Николай Григорьевич Столетов отложил в сторону дочитанную газету и посмотрел за окно.

В последние дни, особенно после внезапно наступивших холодов, все чаще оставаясь дома, он предавался размышлениям, среди которых немалое место занимали и вопросы политические.

Он понимал, что постепенно нараставшее в народе напряжение непременно должно разрядиться взрывом. Не вызывала в нем сомнения и та роль, которую он готов был сыграть в назревающих событиях. Не относя себя к довольно распространенному в ту пору типу генералов, к которому принадлежали Черняев и Скобелев-младший, то есть не чувствуя в себе готовности на оправданные обстановкой безрассудства, он тем не менее не причислял себя и к числу тех, кто честно и с чувством долга исполняет чужую волю. Привычка к дисциплине и личная организованность были уже укоренившейся чертой его характера, и тем не менее в случае необходимости он чувствовал себя способным на решительные поступки, и одним из таких поступков было его твердое намерение в день открытия военных действий требовать своего немедленного в них участия.

Вот почему его все более тревожило и то обстоятельство, что он до сих пор не был отозван из отпуска, хотя такого распоряжения следовало ожидать еще и раньше.

Вынужденное безделье, скрашенное на первых порах воспоминаниями о детстве и близостью родных, теперь начинало его тяготить. К тому же ему так и не привелось встретиться с женой и дочерью, которые, вернувшись весной из Женевы, недавно уехали погостить к полоцкой тетушке Наталье.

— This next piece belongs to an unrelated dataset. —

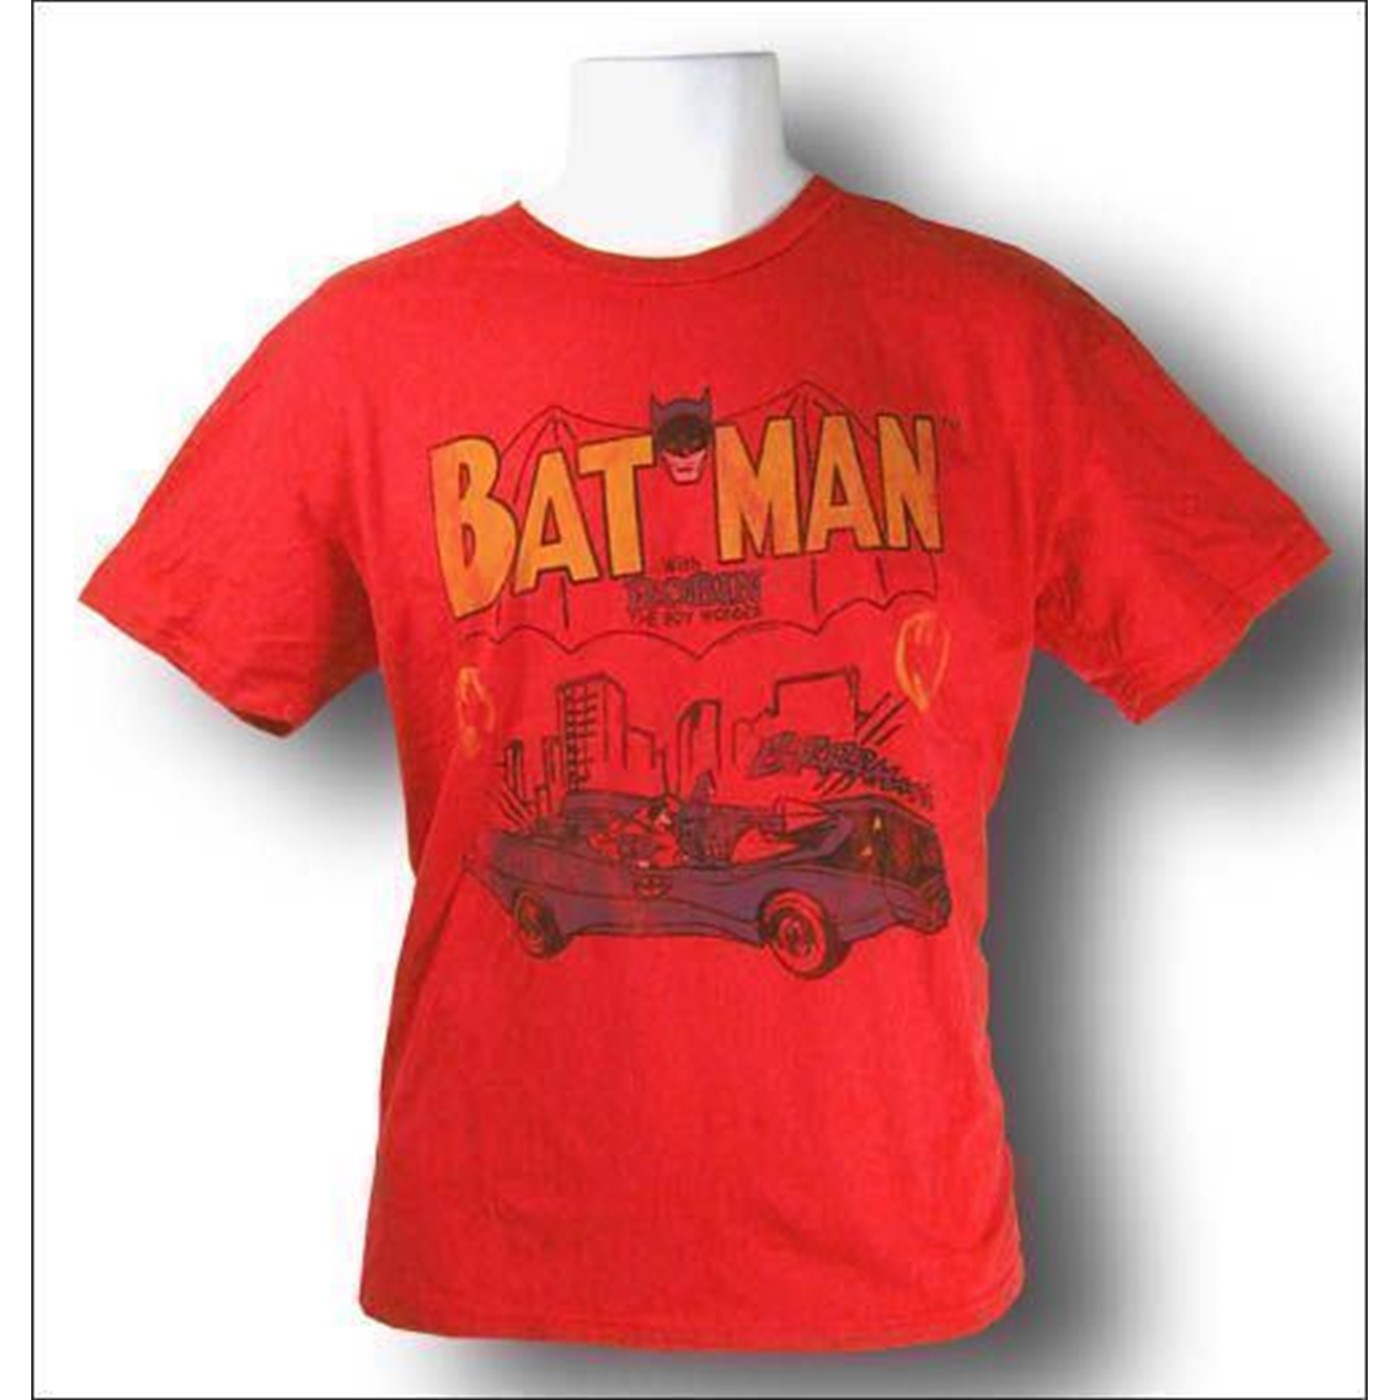 Batman & Robin Batmobile T-Shirt by Junk Food

Винить в этом было некого, так как он сам не удосужился заранее предупредить их о своем отпуске.

Забота и всеобщее внимание, которыми Николай Григорьевич был окружен в доме, вызывали в нем трогательную благодарность и нежные чувства, которые он особенно остро испытывал по отношению к матери.

Хлопотливая Александра Васильевна, быстро привыкнув к взрослому сыну, которого видела реже всех остальных своих детей, называла его не иначе как "мальчиком" и баловала ватрушками и топленым молоком прямо из печи (любимое его детское лакомство), но от одной из странностей так и не смогла избавиться: стоило только Николаю надеть парадный генеральский мундир с аксельбантами и орденами, как она сразу же впадала в совершенно необъяснимую робость и обращалась к нему неизменно на "вы", хотя тут же и добавляла по-матерински и по-домашнему ласково: "Коленька".

Большой отрадой для Николая Григорьевича был неожиданный приезд во Владимир его сестры Вареньки, милой Бабетт, как ее называли в детстве, бывшей замужем за архитектором Филаретовым. С ней да еще с заходившим иногда старинным другом семьи Столетовых, довольно известным в своем кругу инженером-путейцем Михаилом Михайловичем Рангом, он мог говорить о чем угодно все вечера напролет. Варя отлично знала современную французскую литературу, а Ранг вспоминал о своем участии в строительстве Московско-Нижегородской железной дороги; кроме того, он был еще и страстным краеведом, собрал богатейшую библиотеку и время от времени публиковал свои статьи не только во "Владимирских губернских ведомостях", но и в газете "Голос", и в журнале "Русская старина".

Однажды все втроем они навестили друга покойного отца — Митрофана Ивановича Алякринского.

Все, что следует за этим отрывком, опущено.